JABARI ZAKIYA, PLAINTIFF,
v.
UNITED STATES OF AMERICA, ET AL. DEFENDANTS.



The opinion of the court was delivered by: Reggie B. Walton, United States District Judge.

MEMORANDUM OPINION

Plaintiff Jabari Zakiya has filed this action pursuant to the Federal Torts Claim Act and Bivens v. Six Unknown Agents of Fed. Bureau of Narcotics, 403 U.S. 388 (1971), against the United States and several former and current federal officials.*fn1 In essence, plaintiff alleges that agents of the Federal Bureau of Prisons ("BOP") violated his constitutional rights by keeping him imprisoned three years beyond his judicially imposed sentence based upon his refusal to sign an Installment Schedule Agreement for Unpaid Fines, which he purportedly was told was a condition of his release pursuant to 18 U.S.C. § 3624(e). The defendants have filed a Motion to Dismiss or, in the Alternative, Transfer [#8]. For the reasons set forth below, the Court will grant defendants' motion in part, and will dismiss certain claims and transfer plaintiff's remaining claims to the United States District Court for the Northern District of West Virginia.

I. Factual Background

The predicate for plaintiff's incarceration which is the subject of this lawsuit, was his failure to pay his federal taxes. As a result, he was convicted for tax evasion and the willful failure to file tax returns. Compl. ¶ 12.*fn2 On February 18, 1994, Mr. Zakiya was sentenced to a term of imprisonment of sixteen months, which commenced on January 4, 1995, and was to conclude on May 1, 1996. Id. ¶ 13. In addition to his incarceration, Mr. Zakiya was assessed a fine of $25,000, a $200 special assessment fee, and ordered to serve three years on supervised release at the conclusion of his prison sentence. Id. ¶ 14. Mr. Zakiya surrendered himself to the Federal Correctional Institution ("FCI") located at Morgantown ("FCI Morgantown"), a minimum security prison located in West Virginia on January 4, 1995. Id. ¶ 15. According to his complaint, he was essentially a model prisoner, and due to"good-time credit" his sentence was"commuted by sixty-two days" making his new release date no later than February 29, 1996. Id. ¶ 16.

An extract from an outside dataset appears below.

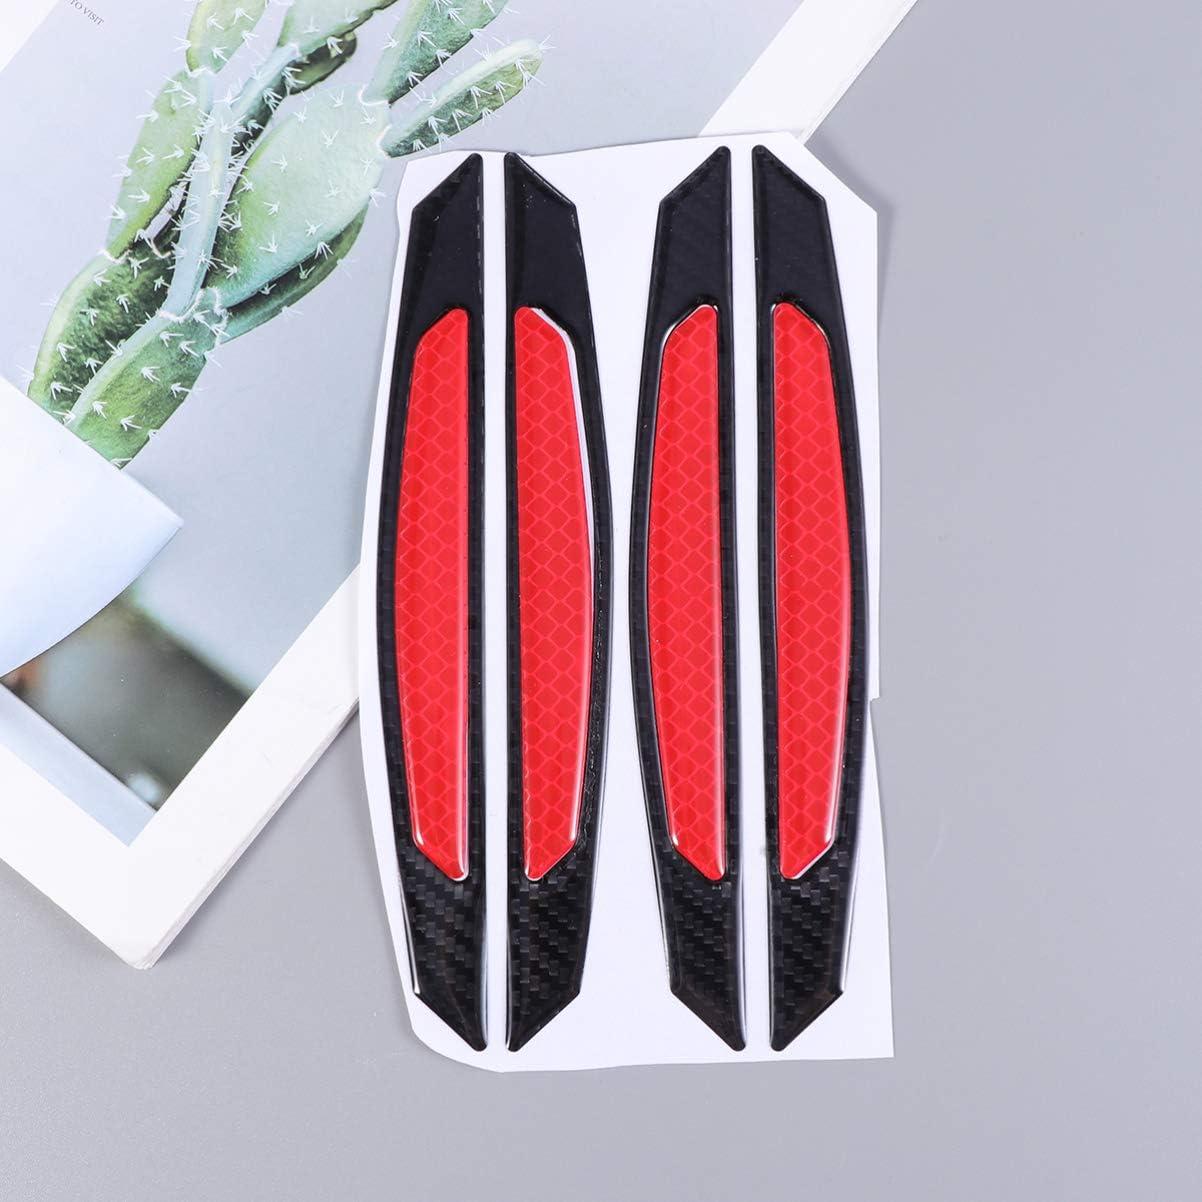 Vosarea Car Door Entry Guard Protectors,4pcs Car Door Edge Anti Collision Bumper Sticker Reflective Carbon Fiber Door Anti-Rub Strips Anti-Scratch Protection Guards Trim Stickers

Problems regarding plaintiff's relationship with the BOP commenced on February 27, 1996, when plaintiff was summoned to the office of Terri Gosnell, Supervisor of Input-Output Processing at FCI Morgantown, in preparation for his impending release. At that time, Ms. Gosnell presented a document to Mr. Zakiya that was described as an"Installment Schedule for Unpaid Fines," which was given to him"as part of the Inmate Financial Responsibility Program" ("IFRP"). Id. ¶ 21. Ms. Gosnell informed Mr. Zakiya that he had to sign the installment payment form as"a condition of his release pursuant to and as provided by 18 U.S.C. § 3624(e)."*fn3 Id. ¶ 22. Mr. Zakiya refused to sign the installment payment form stating that he"had no legal obligation" to sign the form. Id. ¶ 23. Plaintiff's refusal started the events that form the nucleus of this lawsuit.*fn4 The operative events culminated on May 4, 1999, when, after filing several habeas corpus petitions, Mr. Zakiya's immediate release was ordered by a judge of the United States District Court for the Eastern District of Virginia. Id. ¶ 45. Mr. Zakiya was then released on May 5, 1999, three years after his originally scheduled release date of May 1, 1996. Id. ¶ 46.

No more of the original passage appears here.